Click through interactive simulations to see exactly how load balancers distribute traffic, how consistent hashing minimizes remapping, and when different algorithms break down.
A single server has a ceiling — CPU, RAM, network bandwidth. When you hit it, you need more servers. But how does a client know which server to talk to? That's what load balancers solve.
L4 (transport layer) sees IP addresses and ports — that's it. L7 (application layer) decrypts TLS and reads HTTP content. This determines what routing decisions are possible.
L4 processes packets at near line-rate (millions/sec, microseconds latency). L7 must terminate TLS, parse HTTP, read headers — roughly 10-100× more CPU per connection. AWS NLB (L4) handles 10M connections on bare metal. AWS ALB (L7) is optimized for HTTP but can't match raw NLB throughput. Real systems often chain both: NLB → ALB → service.
When you add or remove a cache server, how many keys get remapped? With naive modulo hashing: almost all of them. With consistent hashing: ~1/N. See the difference below.
Add 1 server (N→N+1): every key that resolves to server numbers ≥ insertion point remaps. In practice, (N-1)/N ≈ 90–100% of keys remap. This causes a massive cache miss storm — every key looks up a cold cache, and your DB gets 10× normal load.
Add a server: only keys between the new server's hash position and its predecessor on the ring remap. For 10 servers, adding 1 remaps ~10% of keys. Cache miss rate stays manageable — no DB stampede. Used by: Cassandra, Redis Cluster, CDNs, DynamoDB.
With 3 servers and 3 ring positions, each server might own unequal hash space (33% average but high variance). One server might own 60% of the ring by chance. Virtual nodes (vnodes) give each server 150+ positions, distributing load much more evenly. Cassandra defaults to 256 vnodes per physical node.
| Affinity Method | Mechanism | Problem | Verdict |
|---|---|---|---|
| IP Hash | Hash client IP → fixed server | Corporate NAT maps millions of users to one IP → hot server | Dangerous |
| Cookie-based | LB sets cookie with server ID | Better than IP, still breaks uniform distribution | Acceptable |
| External Session Store | Redis/memcached stores session; all servers are stateless | Extra hop for session lookup (usually <1ms) | Recommended |
If you need sticky sessions, it's usually a sign that your app stores state on the server (local filesystem, in-memory session, etc.). The fix isn't better affinity — it's making your app stateless. Store sessions in Redis. Store uploads in S3. Make any server able to handle any request. This is what enables auto-scaling.

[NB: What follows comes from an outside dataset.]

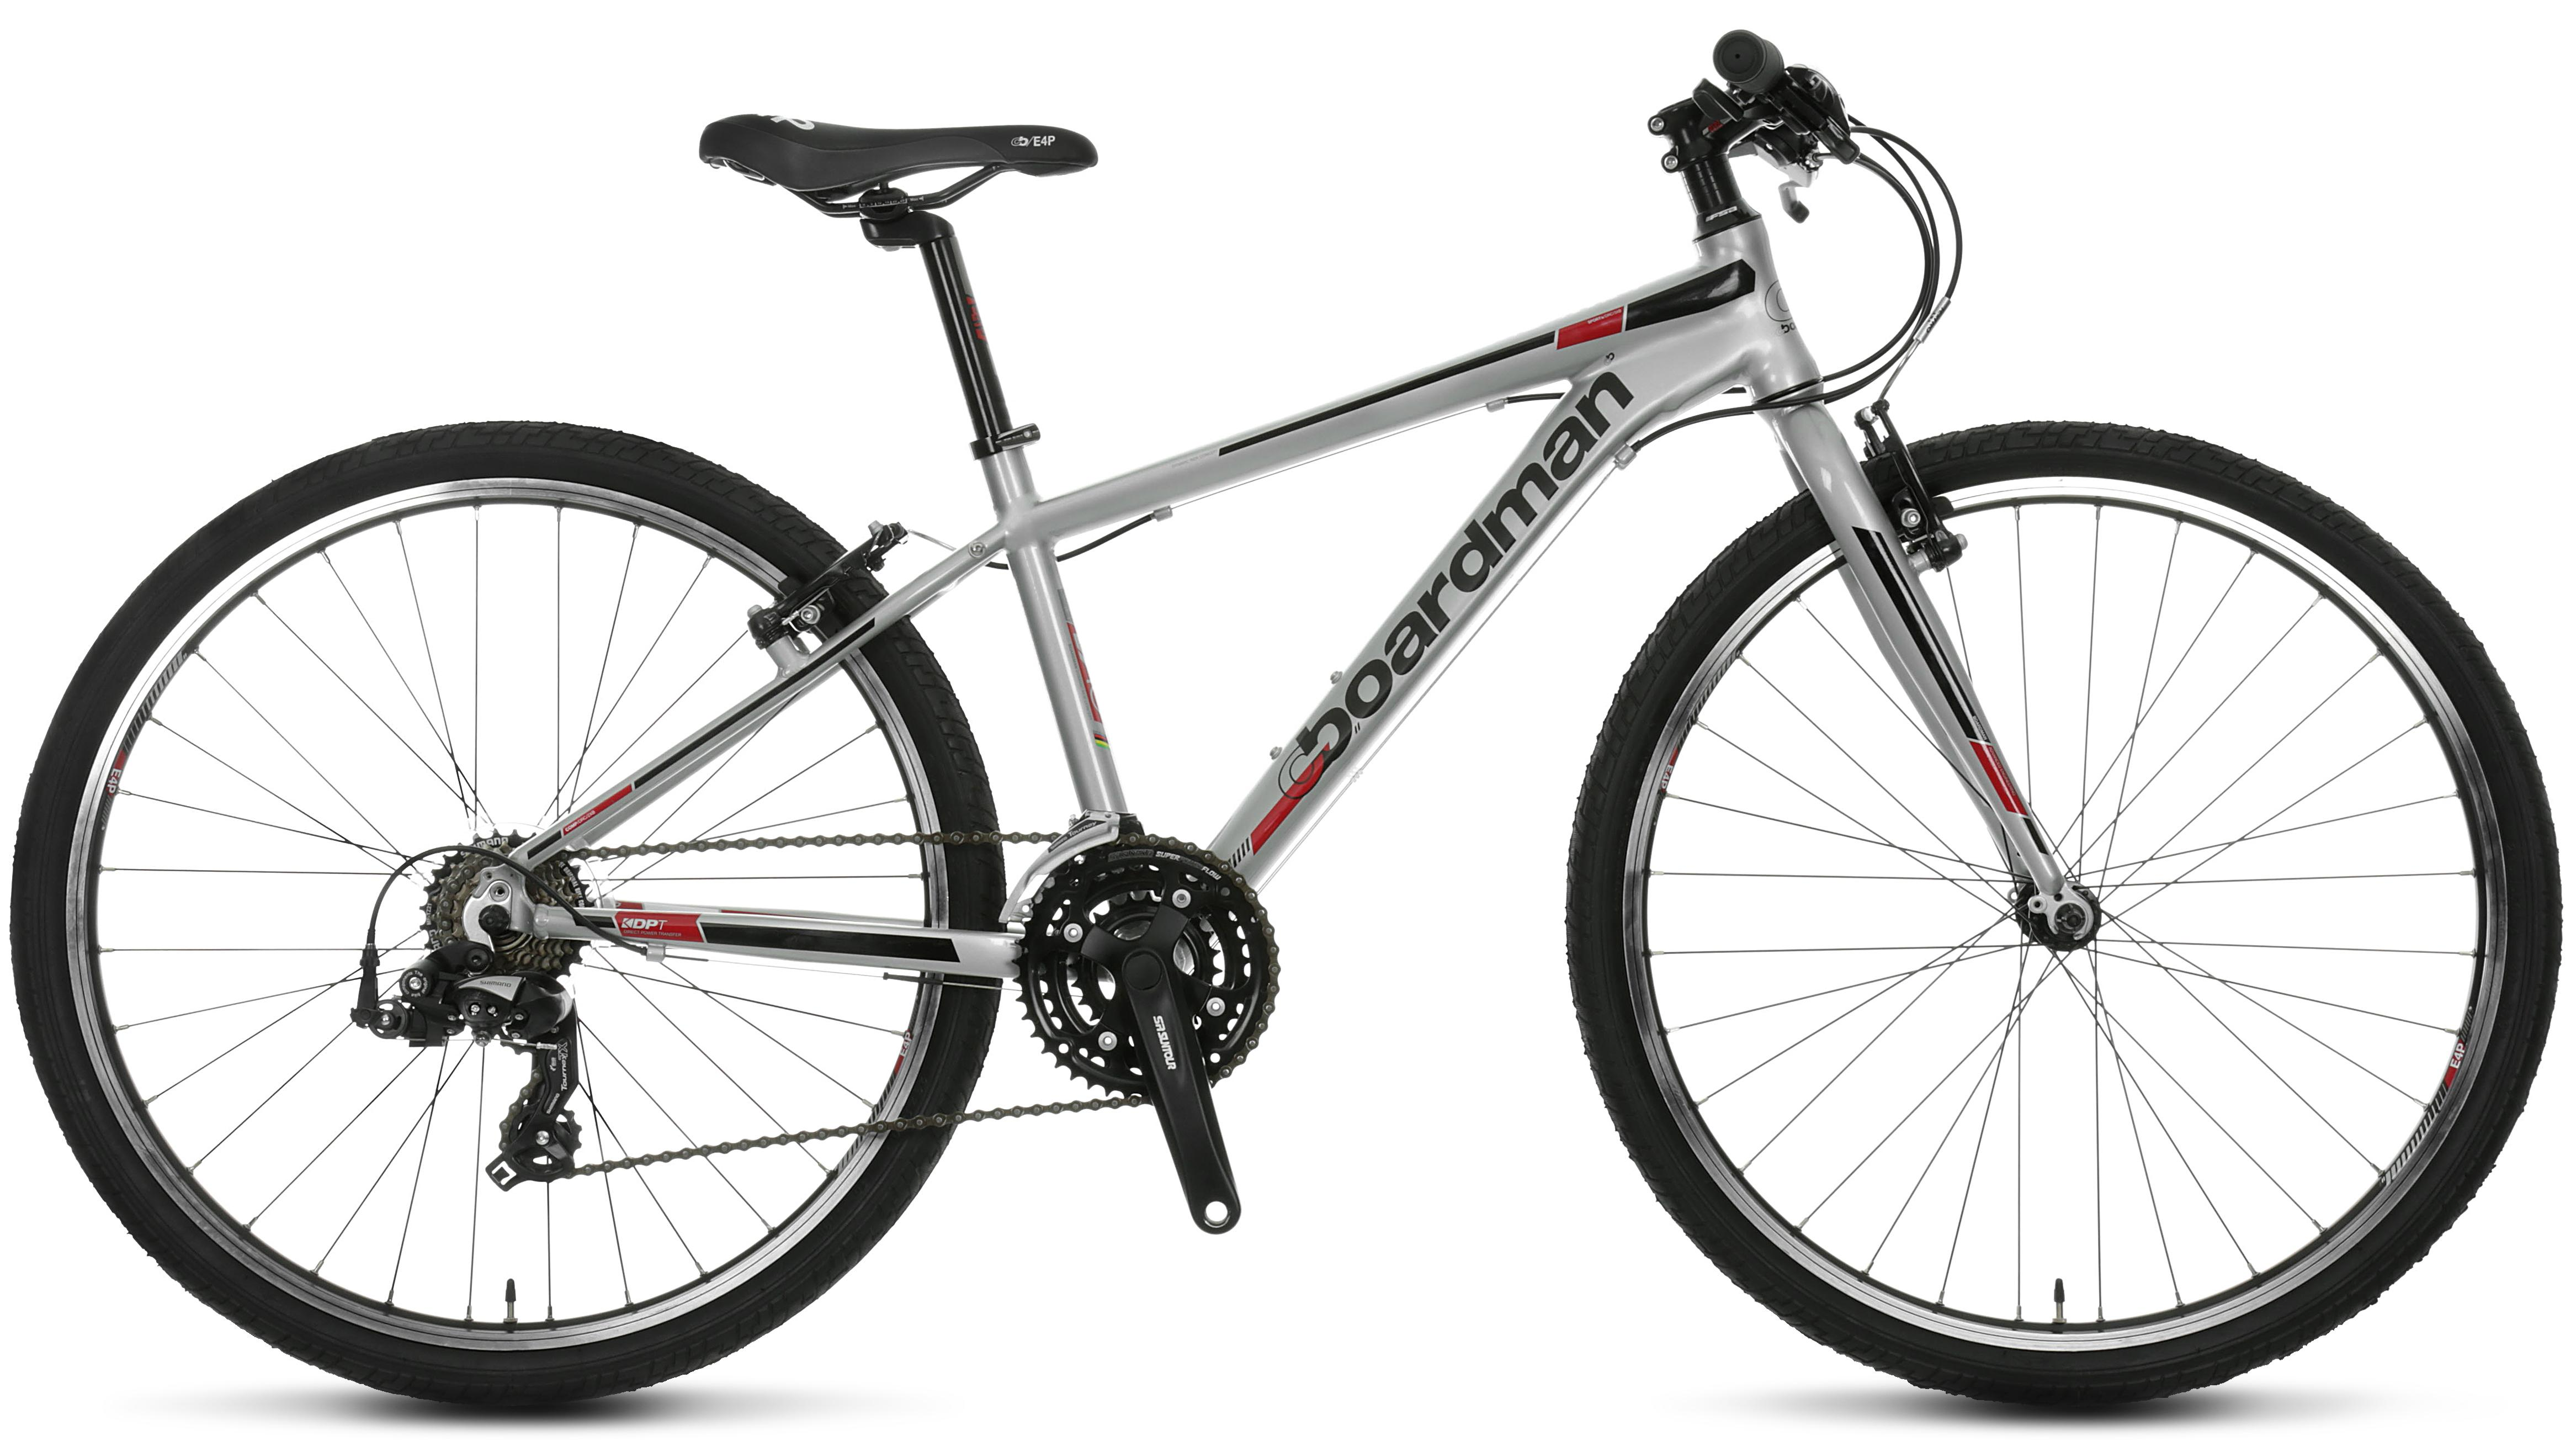 Details about Boardman Junior Hybrid Sport/e Bike 26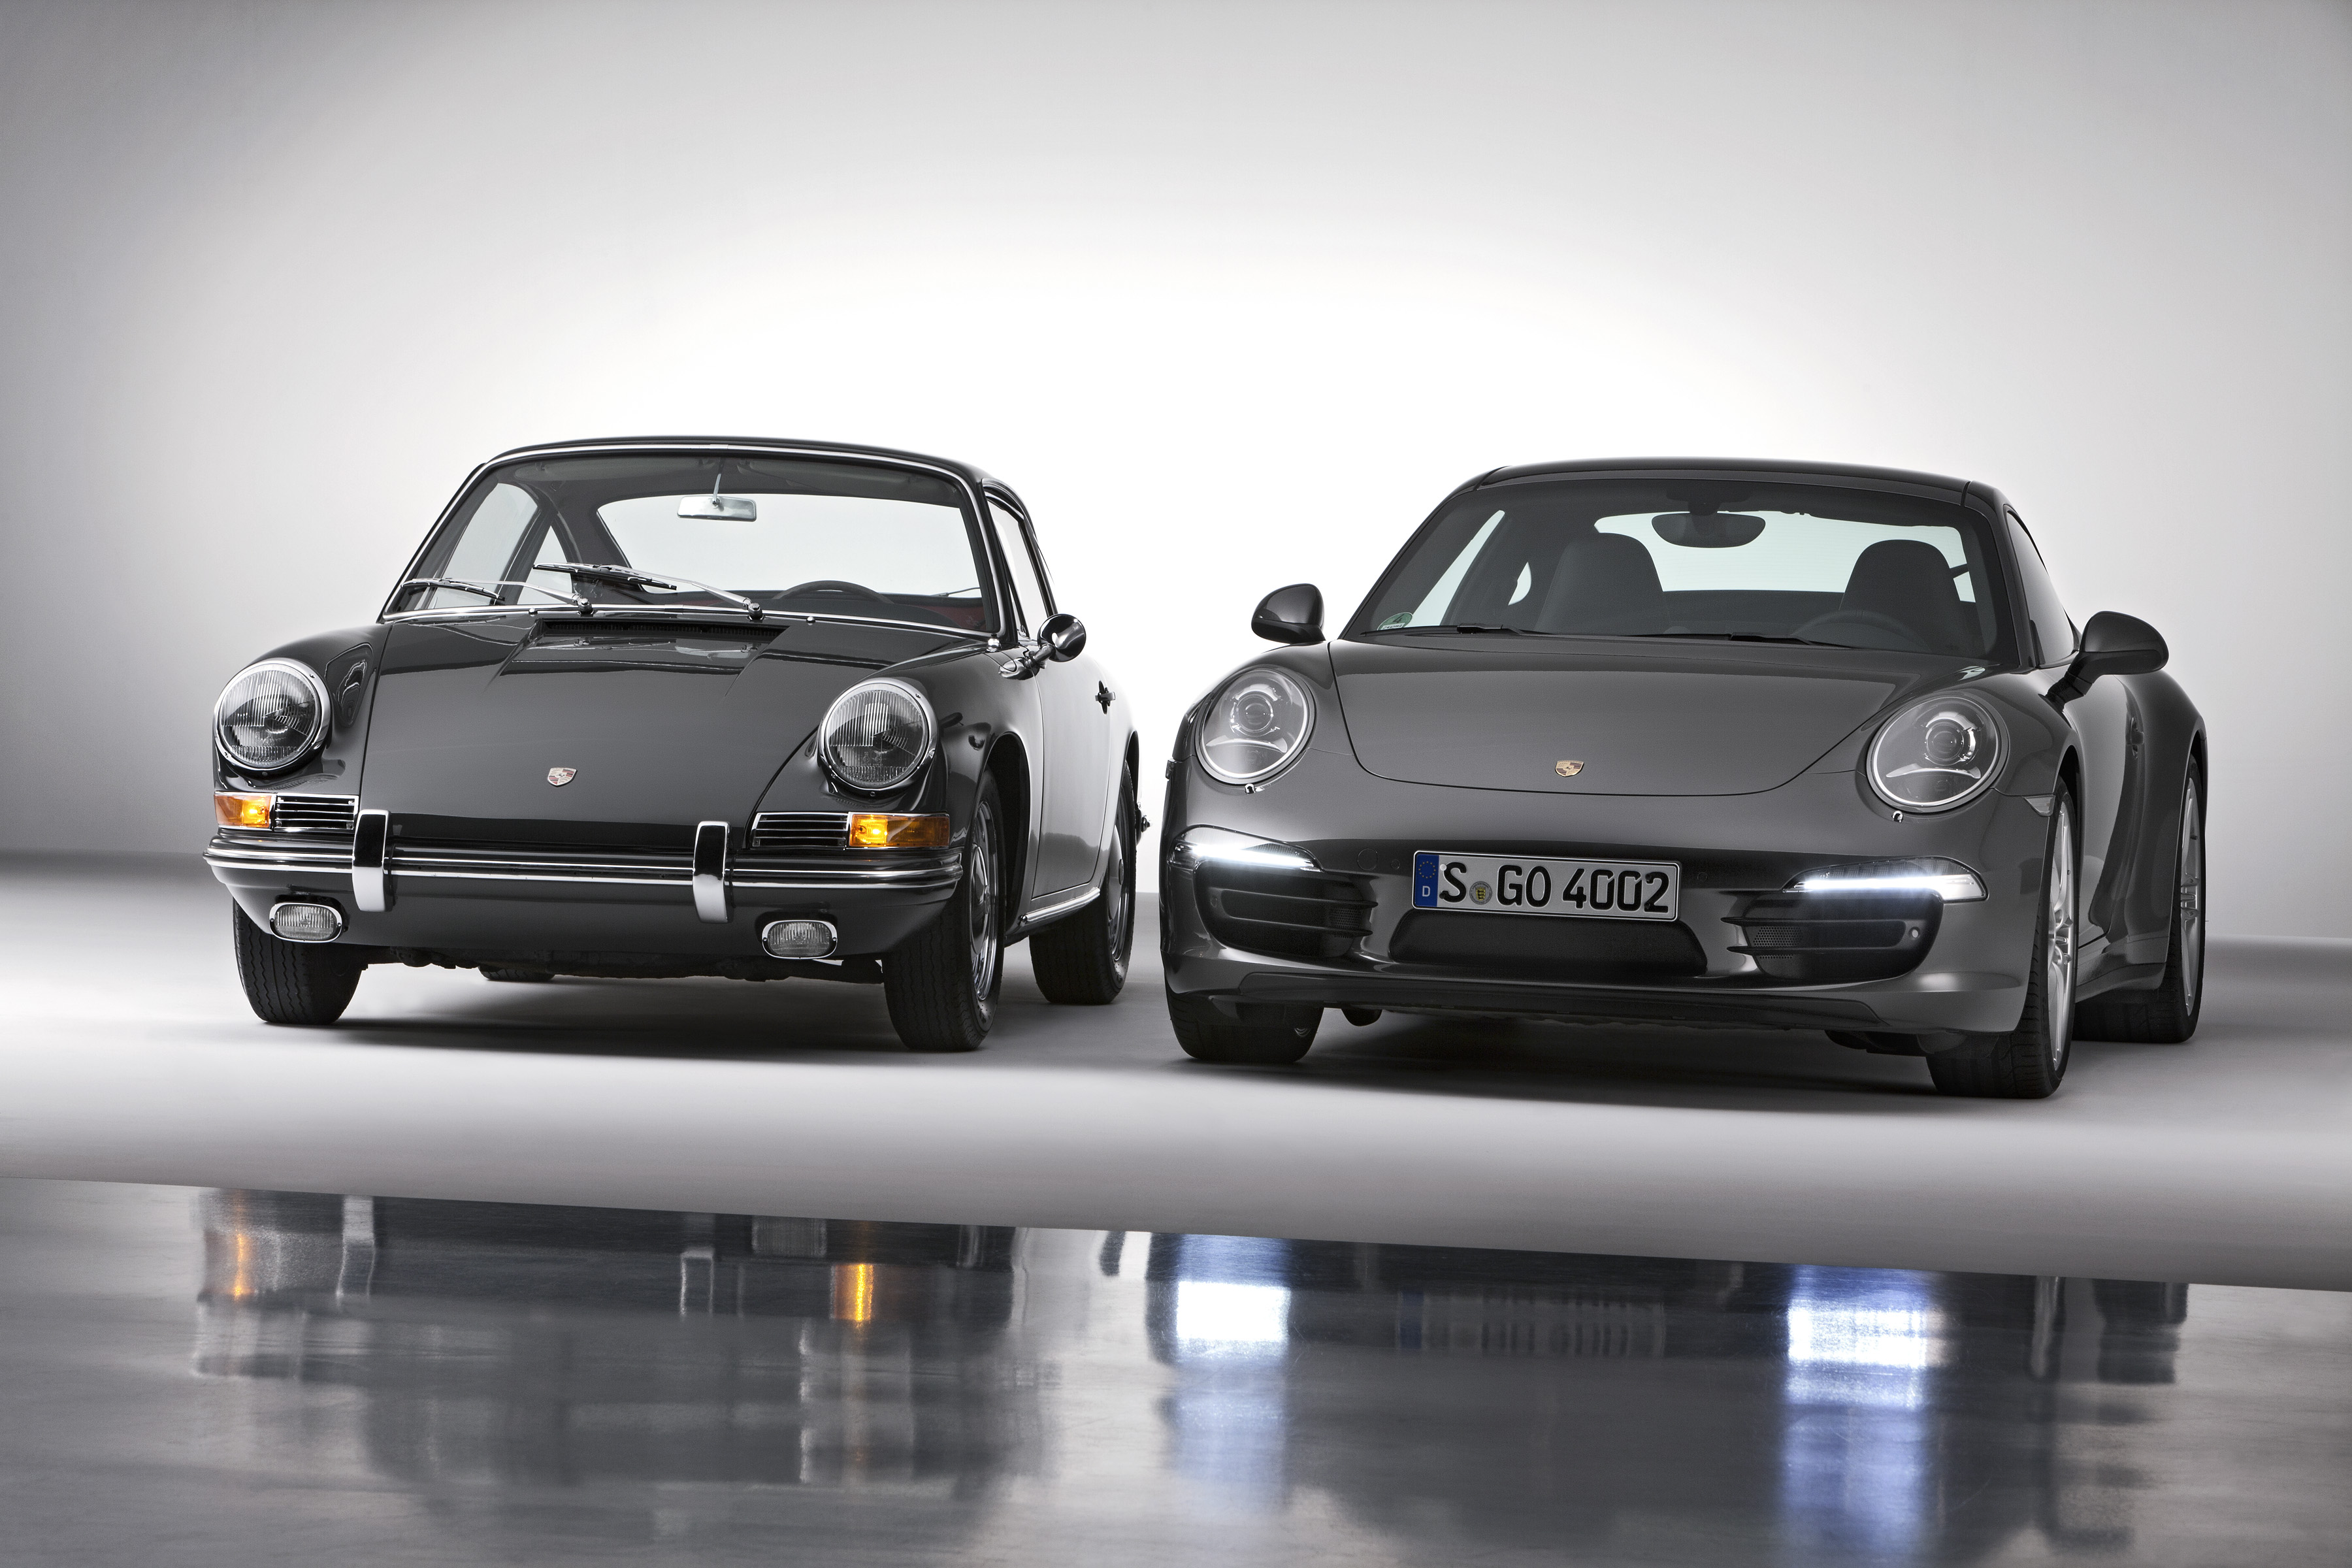 Merveilleux Porsche 911 Carrera 4S Coupé And Porsche 911 2.0 Coupé (Model Year 1964)

Shallow (TCP connect): Only checks if the process is listening. Misses: app that accepted the TCP connection but can't query its DB, zombie processes that accept connections but time out.
Deep (HTTP /health): App queries all dependencies and returns 200 only if truly healthy. This is what you want in production.
When you deregister a server, the LB marks it "draining" — stops sending new requests but lets in-flight requests complete (up to drain timeout, usually 300s). Never kill a server without draining: you'll drop active requests mid-flight. This is the mechanism that makes zero-downtime deploys possible.
Database connection pool: can you acquire a connection and run SELECT 1? Redis/cache: can you ping? External APIs (with timeout): are your critical dependencies up? Return 200 with JSON of dependency statuses. Return 503 if any critical dependency is down. Never return 200 when your app can't actually serve requests — that misleads the LB and causes user-facing errors.